Where Ideas Grow

i3S project wins 1st edition of the Nonô Pediatric Sarcomas Scholarship

Researcher Catarina Leite Pereira was the winner of the first edition of the Nonô Pediatric Sarcomas Scholarship, awarded by the Portuguese League Against Cancer (LPCC). Worth 15,000 euros, this award will allow the researcher to study the most common malignant bone tumor in children and advance towards new therapies.

Entitled “B2Tek-4OS: Bio-inspired and Bioengineered Technology for OSteosarcoma – unraveling OS to advance in novel targeted therapies”, Catarina Leite Pereira’s project “aims to take advantage of the latest bioengineering techniques to establish an advanced, multi-compartment in vitro model, for the study of osteosarcoma and metastatic disease”.

Although osteosarcoma is the most frequent malignant bone tumor in children, little progress has been made in the development of new therapies, thus limiting the treatment options for these patients. For this reason, explains the researcher, “it is essential to establish models that allow us to understand its biology, the way it progresses and the mechanisms that lead to metastatic disease”.

The “multi-compartment platform” developed by the i3S researcher will make it possible to study the disease and identify new therapeutic targets. In the future, Catarina Leite Pereira believes that this model could also be an added value as a pre-clinical tool in the screening of new drugs/therapies for the treatment of osteosarcoma.

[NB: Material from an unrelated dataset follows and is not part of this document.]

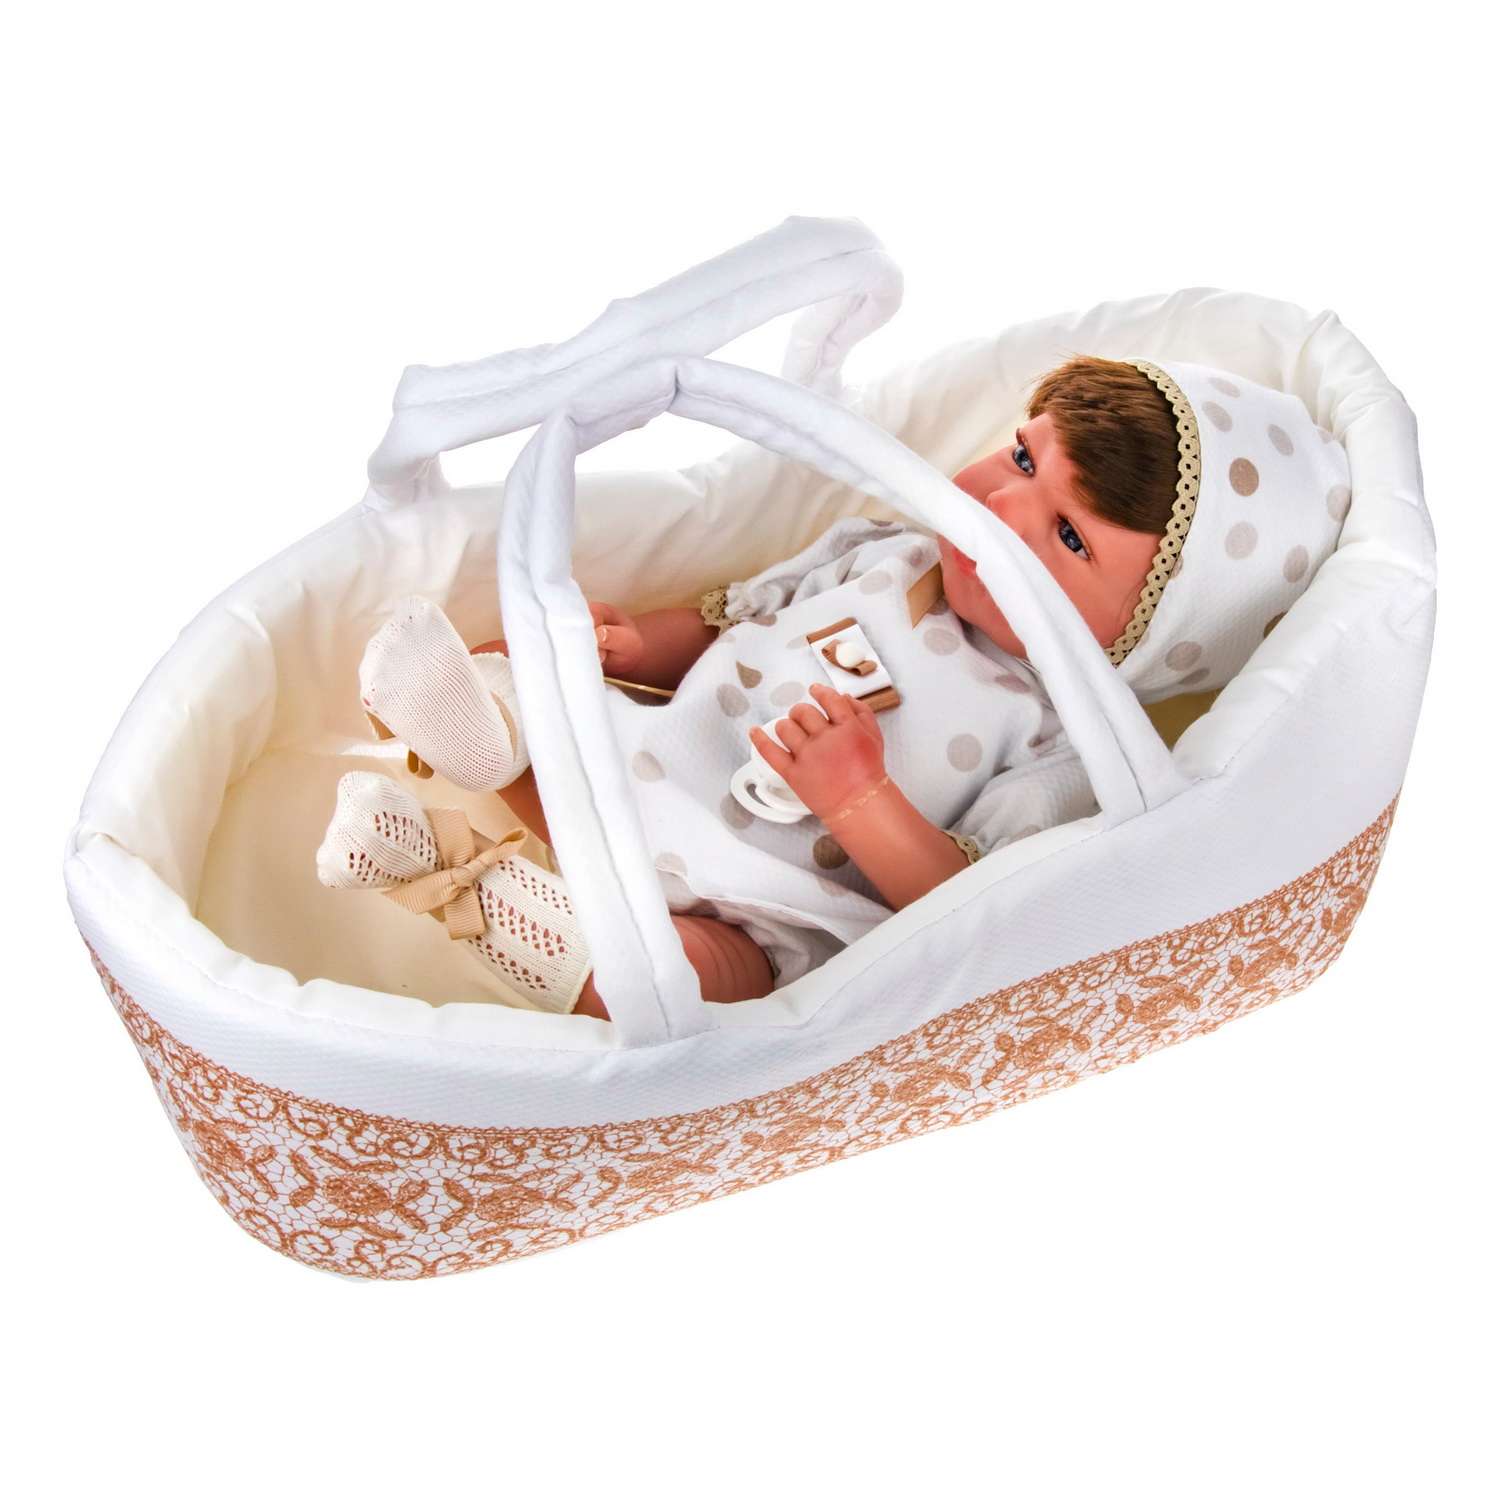 Кукла Arias ReBorns Candy реалистичный новорожденный пупс 40см Т17435 - фото 2

For the researcher to win the first edition of this grant represents “an enormous honor”, but also a great responsibility: “I feel that the award of this grant is a recognition of the importance of my project in advancing research in Osteosarcoma and, above all, demonstrates how the combination of different areas of knowledge can contribute to change the clinical paradigm in this context”.

This funding will allow the researcher from the “Nanomedicine & Translational Drug Delivery” group to implement the first phase of the project, which consists of developing a 3D multicellular model of osteosarcoma. “By including the different cellular components that make up the tumor, namely tumor cells, stromal cells and immune cells, we intend to recapitulate in vitro its microenvironment and thus understand the different cell-cell and cell-extracellular matrix interactions in progression tumor”, she explains.